Réforme des retraites : la « priorité » cruelle du gouvernement

Macron tente à nouveau de repousser l’âge de départ à la retraite. Si il y parvient, une grande partie des ouvriers mourront à la tâche, sans jamais pouvoir bénéficier d’une retraite pour laquelle ils auront cotisée toute leur vie.

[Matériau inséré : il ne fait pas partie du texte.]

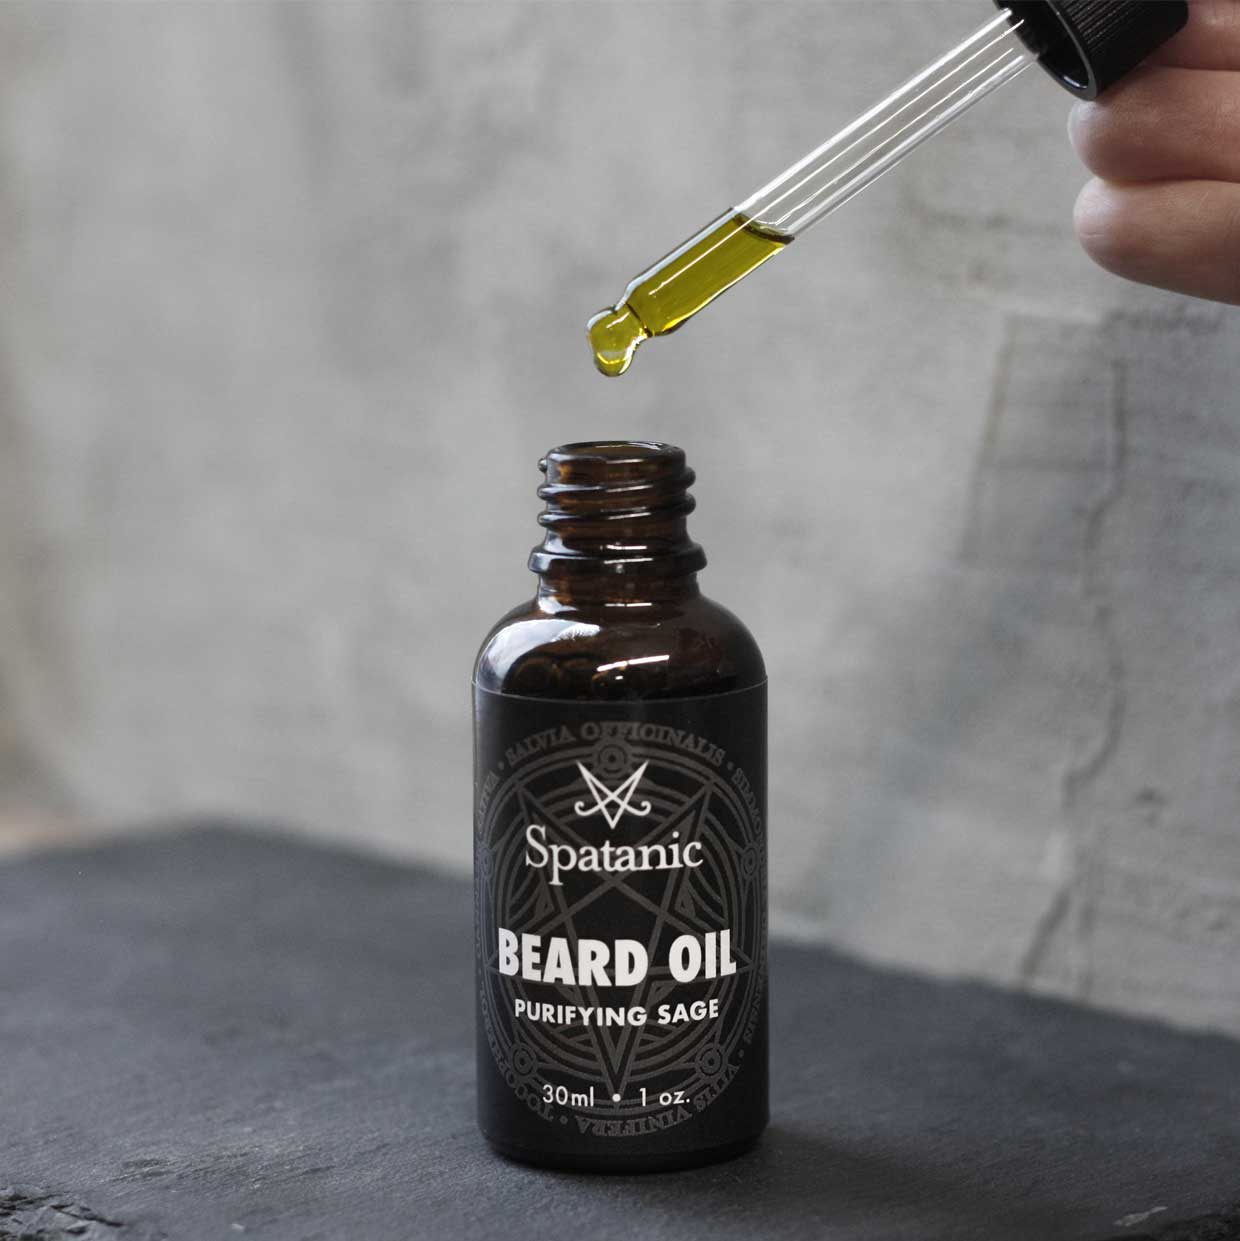 Beard Oil, 30 ml
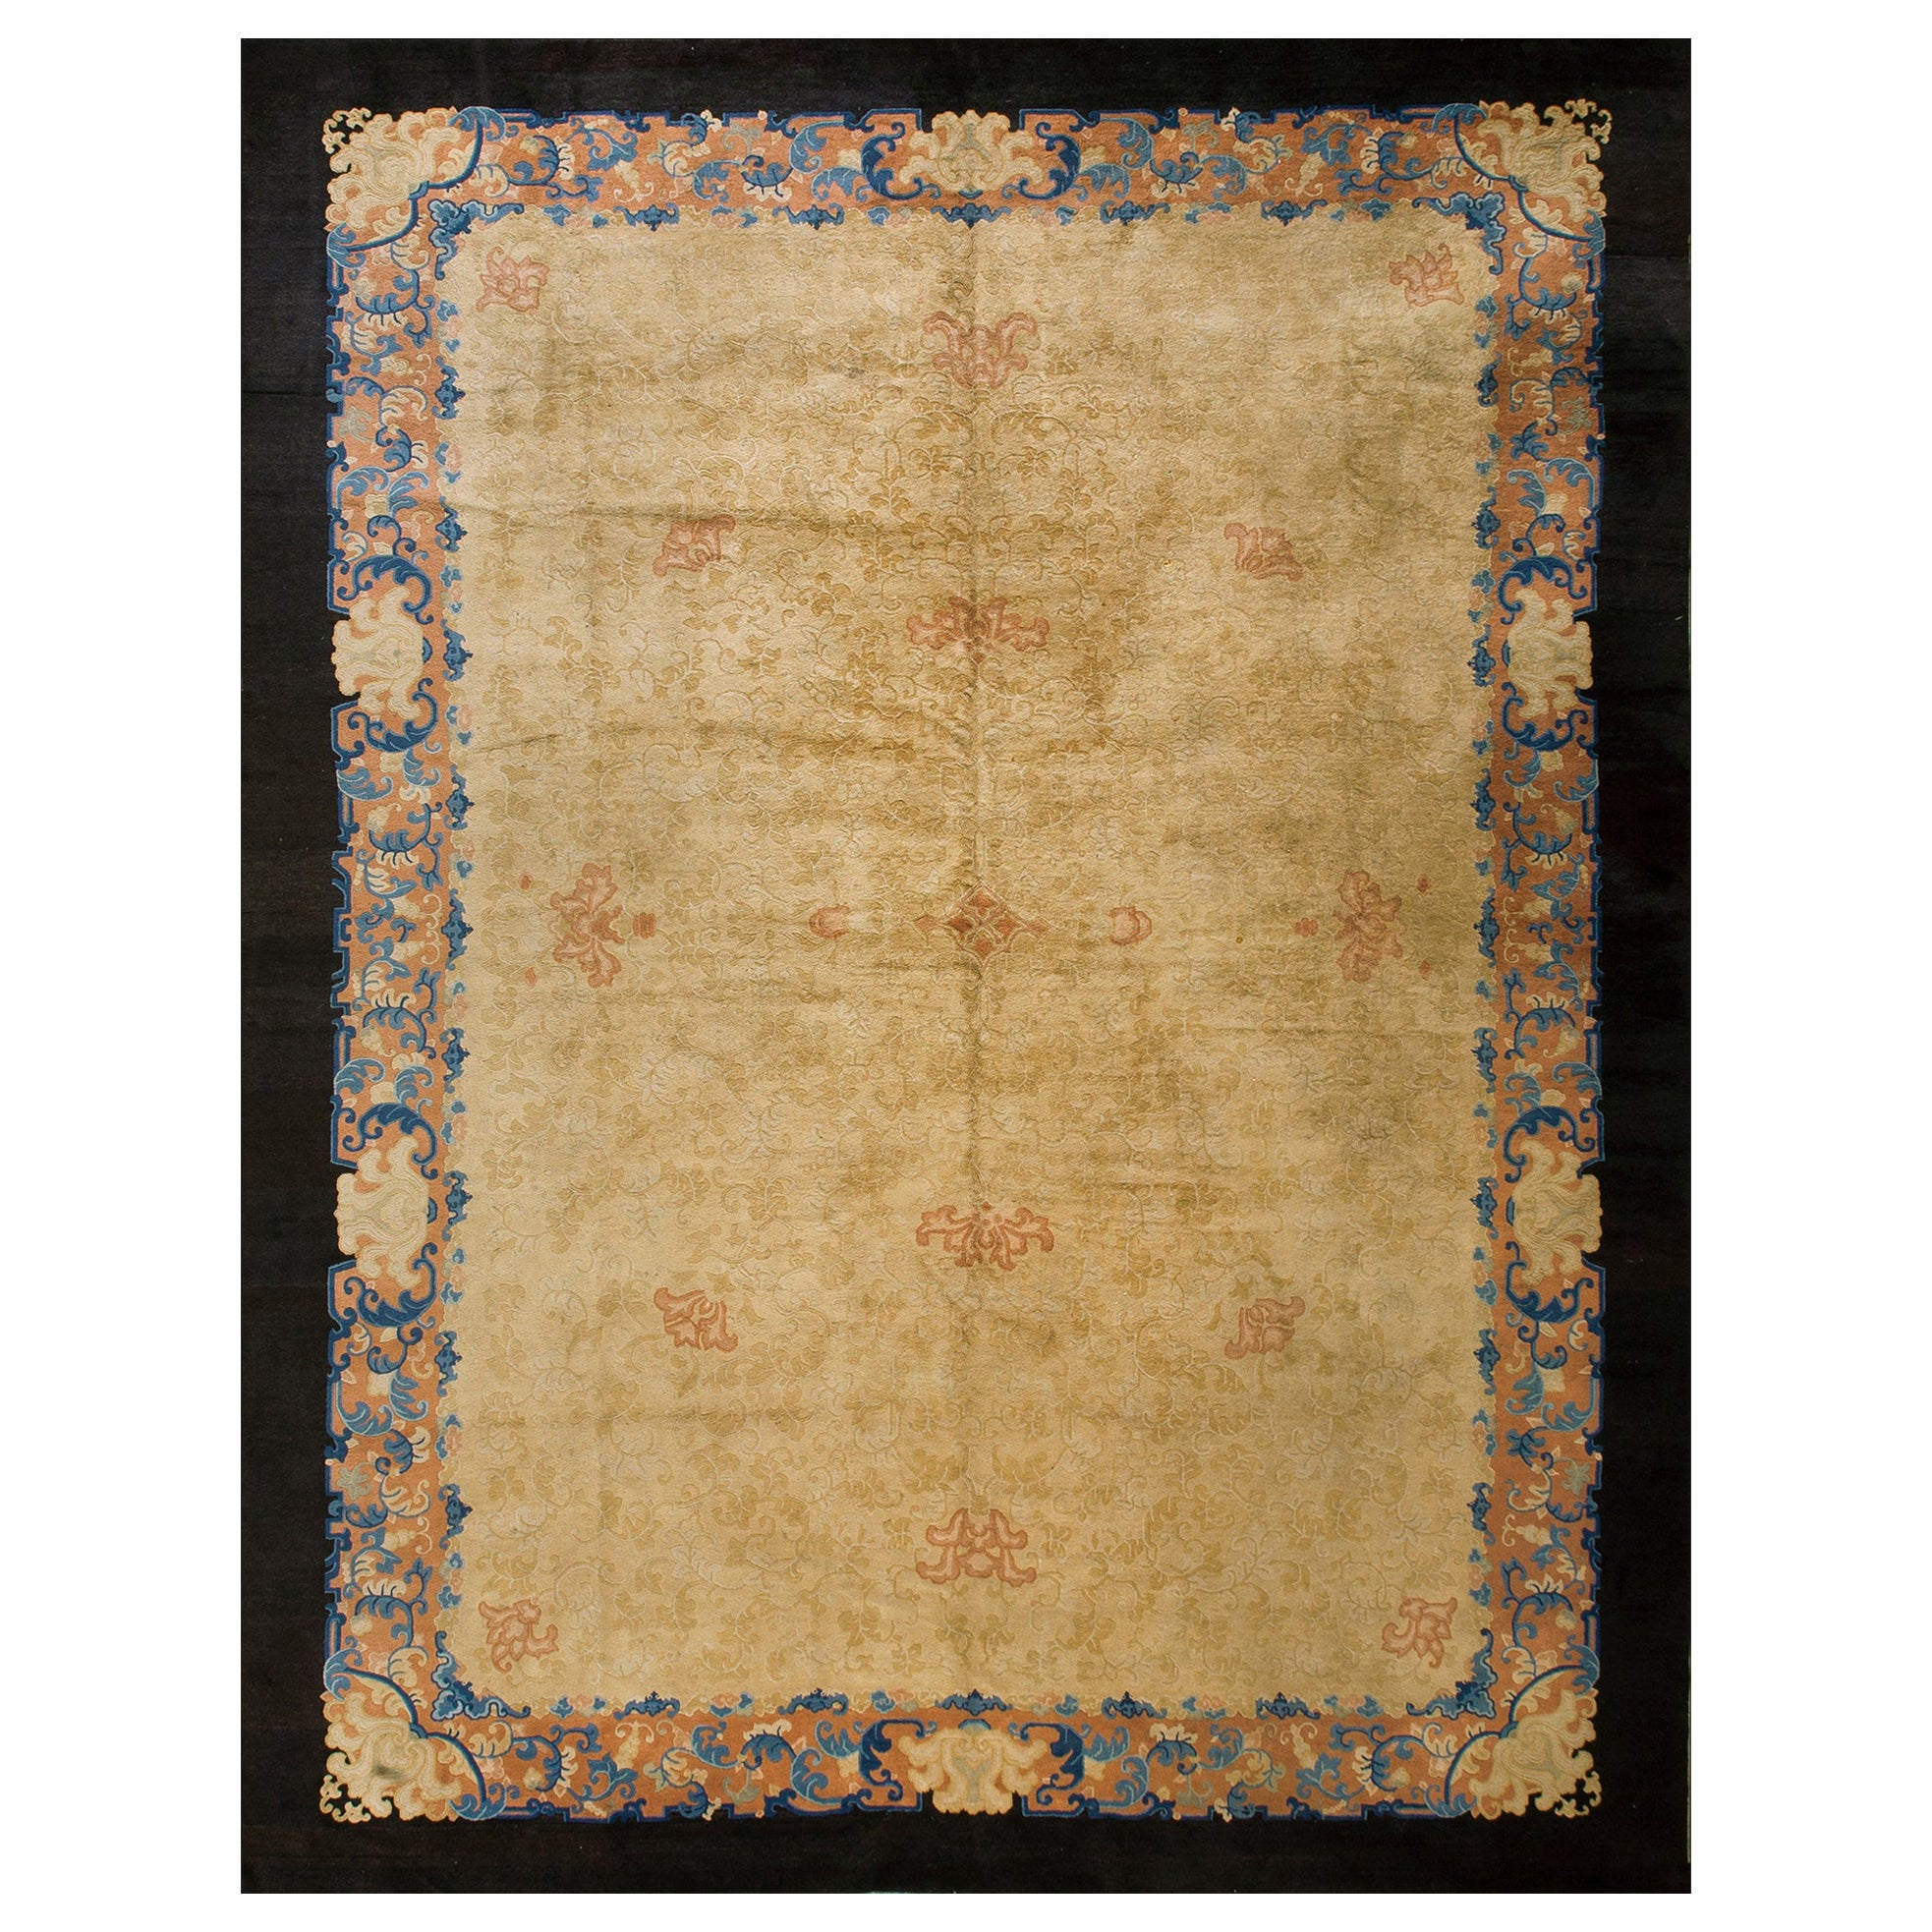 Early 20th Century Chinese Peking Carpet ( 11'3" x 14'9" - 343 x 450 )

Lors des universités d’été 2022 de LFI, les « AMFIS », a eu lieu une conférence intitulée « Retraites : des arguments pour la bataille à venir ». Les intervenants ont pu décrypter le sujet d’une des prochaines batailles qui opposeront le gouvernement et l’opposition : la réforme des retraites, très chère au chef de l’État. Elle reste « une priorité » du gouvernement selon Olivier Dussopt, ministre du Travail. Il était l’invité de France Info ce matin.

Après un premier abandon sous son premier quinquennat, Emmanuel Macron a fait de la réforme des retraites le cheval de bataille de sa (maigre) campagne présidentielle. Son objectif : reporter l’âge de départ à 65 ans. Une idée qu’ont rejeté 77% des Français au moment de l’entre-deux-tours de l’élection présidentielle. La conférence des « AMFIS » s’était donnée comme objectif de donner au public assez de contre-arguments sur cette réforme. Ce, afin qu’un maximum de personnes soient armées pour contrer les éléments de langage à venir du gouvernement. Notre article.

Retraites : le désastre social actuel

À partir du 1er avril 1983, l’âge de départ a été 60 ans. Puis il a été décalé de 2 ans en 2011 sous Nicolas Sarkozy. Le passage de 40 à 42 annuités, c’est-à-dire le nombre d’années de cotisations nécessaires pour partir à taux plein, a eu pour effet d’augmenter « le sas de pauvreté ». Michael Zemmour, maître de conférences en économie, utilise cette expression pour désigner la période de pauvreté par le non-emploi des ouvriers et employés avant la retraite.

Repousser à 65 ans prolongerait logiquement ce sas. Sur ce point, les députés NUPES ont souligné le besoin de supprimer la décote. Certains travailleurs ne peuvent pas, pour de nombreuses raisons (pénibilité, précarité, instabilité de la vie…), remplir toutes leurs annuités. Aussi, les femmes sont les grandes perdantes de ce système de retraite. Plus sujettes à des carrières morcelées et victimes des inégalités salariales, les femmes souffrent d’une grande injustice, qui ne serait que renforcée par un prolongement jusqu’à 65 ans.

Enfin, le système actuel est marqué par le problème du minimum vieillesse (pour les retraités ayant un revenu inférieur à 916,78 €). Cette aide sociale n’est accessible uniquement qu’à partir de 65 ans. Se pose donc la question des retraités précaires, jugés « trop jeunes »

Une réforme injustifiée

« Travailler plus longtemps quand on vit plus longtemps », « Il faut réformer pour retourner à l’équilibre » : voilà les deux totems sacrés brandis par la droite depuis des années pour justifier chacune de ses réformes. Ils sont cependant erronés. Premièrement, le Conseil d’orientation des retraites (COR) a, dans ses différents scénarios, souligné la possibilité d’un retour à l’équilibre du système des retraites pour 2035 (via un effort constant de l’État). Il n’y a pas donc de problème de financement de notre système de retraite.

Deuxièmement, les inégalités sociales profondes font que les plus précaires vivent moins longtemps que les plus riches. Ils ne bénéficient donc pas pleinement de leur retraite quand ils arrivent à l’obtenir. À l’âge de départ actuel, c’est-à-dire 62 ans, un quart des travailleurs les plus pauvres n’ont pas de retraite du tout, parce qu’ils sont morts. Si la retraite à 65 ans devenait une réalité, ce serait d’autant plus de personnes qui mourraient sans avoir pu profiter de la fin de leur vie. La bataille sera rude. Mais la gauche de rupture sera au rendez-vous.